To bypass issues associated with viral vectors, an alternative vaccination approach to generate pulmonary Trm cells is to directly deposit antigen in the lung through antibody-targeted vaccination (ATV) to lung DCs[70] or through the use of particulate vaccines (reviewed in ref. [137]). The latter of which includes nanoparticles that offer the advantage of shielding antigen from degradation compared with naked antigen delivery by ATV. Nanoparticles confer further advantages by engineering properties that promote Trm development such as antigen persistence[138]. Recent work demonstrated a single intranasal dose of a nanoparticle vaccine incorporating influenza virus nucleoprotein induced numbers of lung CD8+ Trm cells exceeding natural infection and this vaccination regime conferred protection against lethal influenza challenge[139].
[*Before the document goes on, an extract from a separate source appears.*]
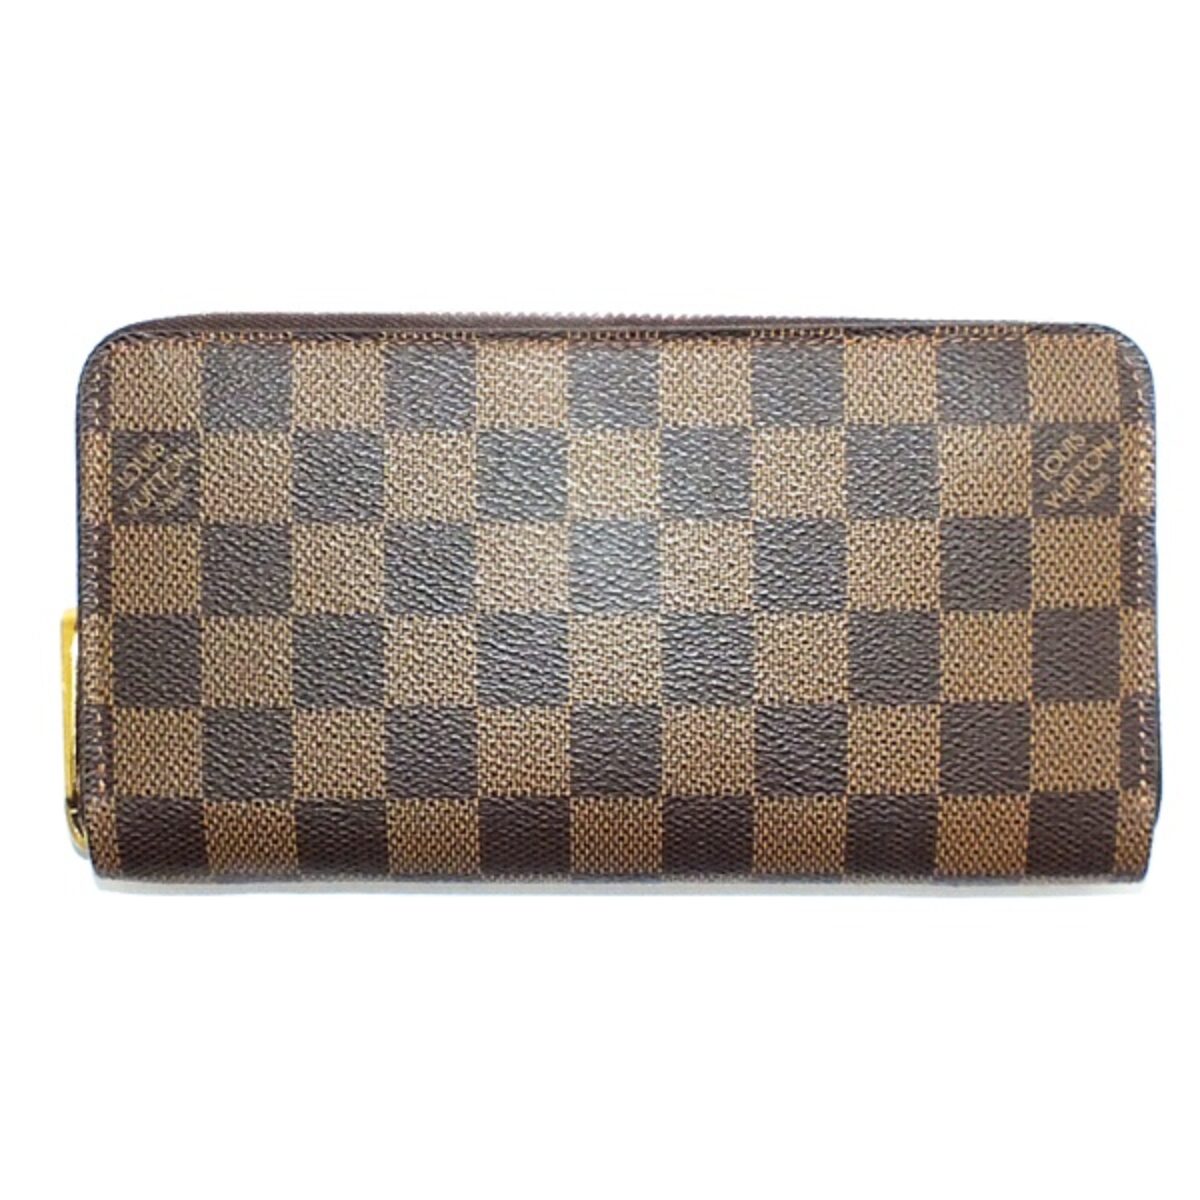 LOUIS VUITTON ルイヴィトン N60015 旧型 ジッピーウォレット ダミエ ...

Studies on respiratory tract Trm vaccination strategies have predominately focused on lodging Trm in the lung. However, the uncontrolled deposition of Trm in this delicate, vital organ, may unintentionally cause lung tissue damage and compromise respiratory function[59]. To mitigate the potential challenges associated with depositing Trm in the lower airways, we recommend the consideration of the nasal mucosa as an alternative site for induction of airborne pathogen-specific Trm. We have previously shown that influenza-specific Trm can be deposited in stable quantities in the nasal tissue of mice, these cells do not decline as aggressive as lung Trm, and in turn, offer long-term protective immunity[19]. In a proof of principle study, we further demonstrate that nasal CD8+ Trm can be induced by a chitosan-hydrogel vaccine that sustains antigen retention in the nasal cavity and that these cells can provide potent protection in a murine influenza virus challenge model[140].
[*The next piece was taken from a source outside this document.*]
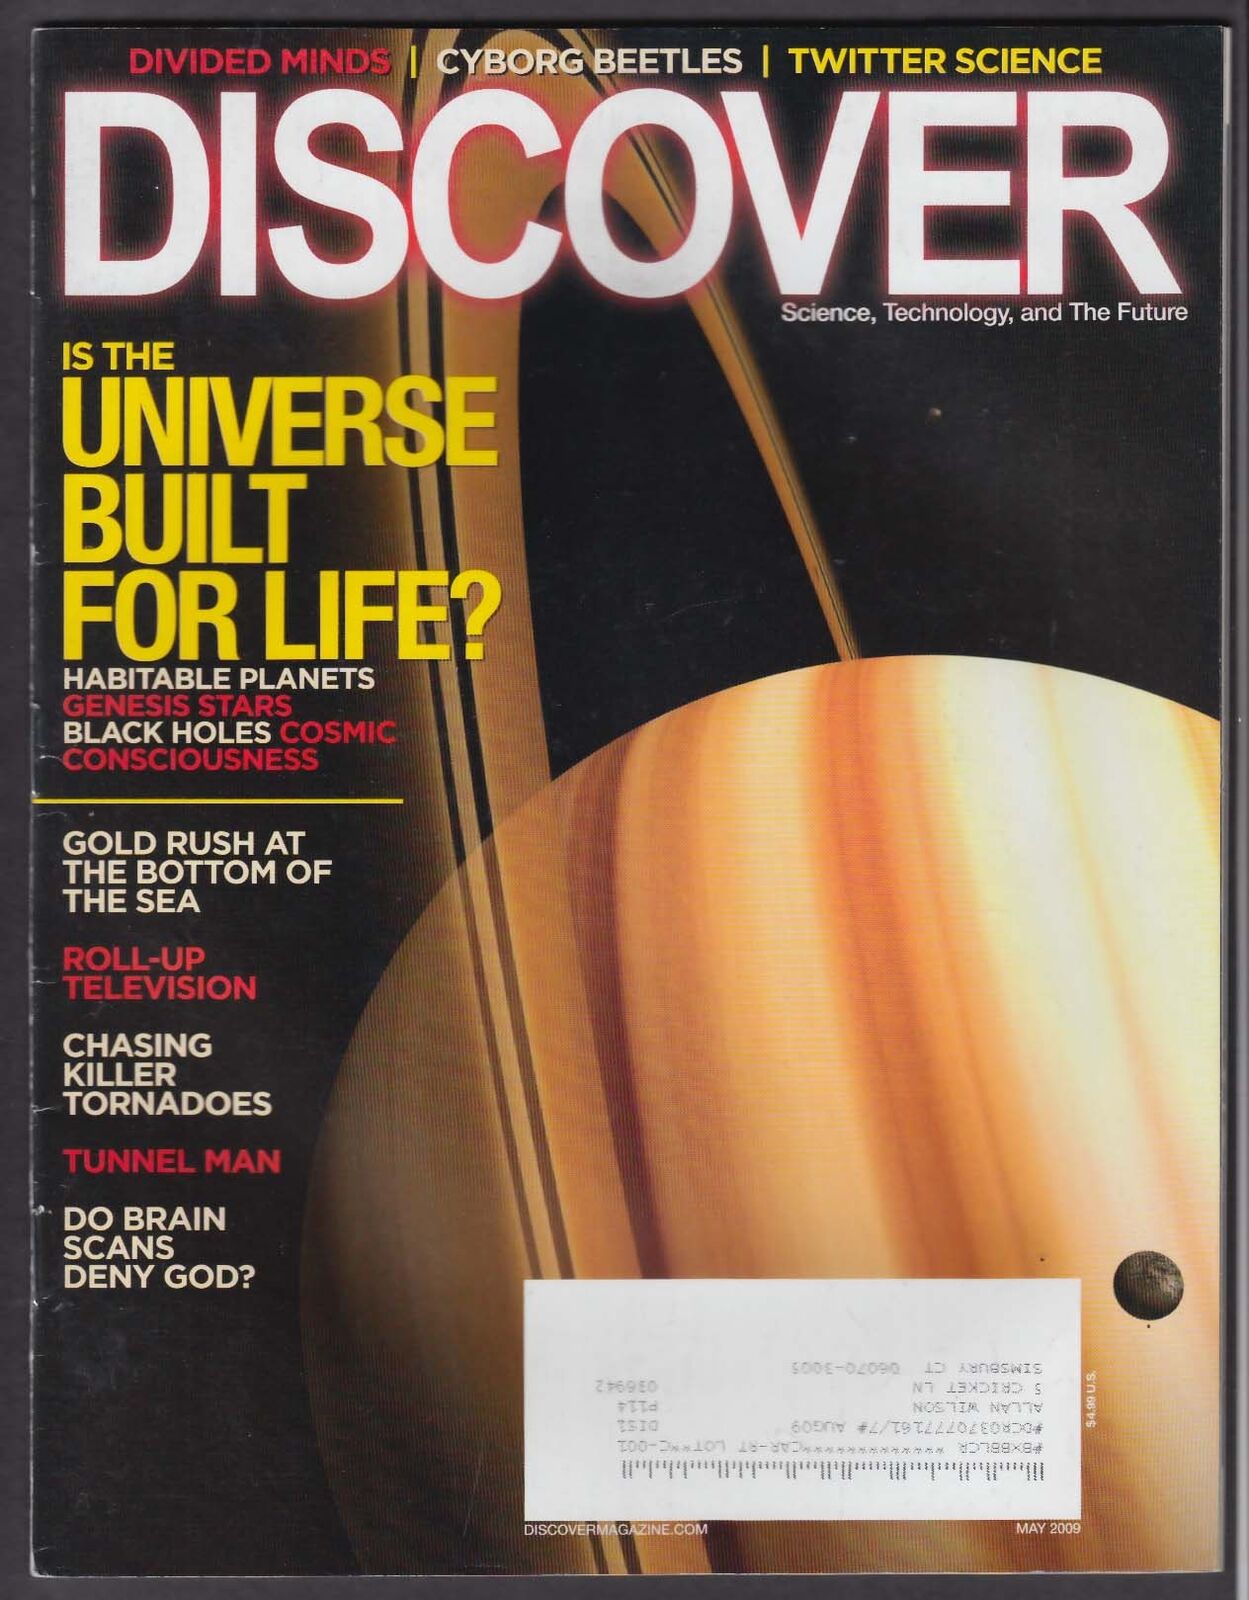 DISCOVER Habitable planets; deep sea gold; tornadoes; tunnels 5 2009

Collectively, mouse studies showcase a range of immunization approaches to evoke respiratory tract Trm with a common requirement of delivering the immunization agent into the respiratory tract to facilitate optimal Trm formation. The appropriate selection of adjuvant, delivered by the correct route, can also greatly improve vaccines that aim to elicit lung Trm development[67,141]. For example, in a proof of concept study, we show that zymosan, an adjuvant derived from yeast cell walls, when co-administered to mice intranasally with influenza vaccines can significantly boost lung Trm development[67]. A greater understanding of the appropriate local inflammatory milieu triggered by these Trm promoting adjuvants will allow for the generation of refined adjuvants that evoke conditions that favor lung Trm development with minimal side effects.

Conclusion

The events of the past 12 months exemplify the catastrophic impact newly emerging respiratory pathogens can have on global health and world economies. Then again, they also demonstrate that vaccination is an extraordinarily effective strategy to curb the spread and impact of airborne diseases. To develop vaccines that protect against respiratory pathogens, it is essential to identify the immune cells that best protect the airways from infection. Trm lodged along the respiratory tract provide exquisite protection against respiratory pathogens. Although vaccines that evoke respiratory tract Trm hold significant therapeutic potential, care should be taken to ensure that elevating these cells does not increase the risk of immunopathology, allergy, or chronic airway inflammation. Vaccines that can safely deposit stable populations of Trm along the respiratory tract represent exciting new approaches that may be utilized to tackle the next global pandemic.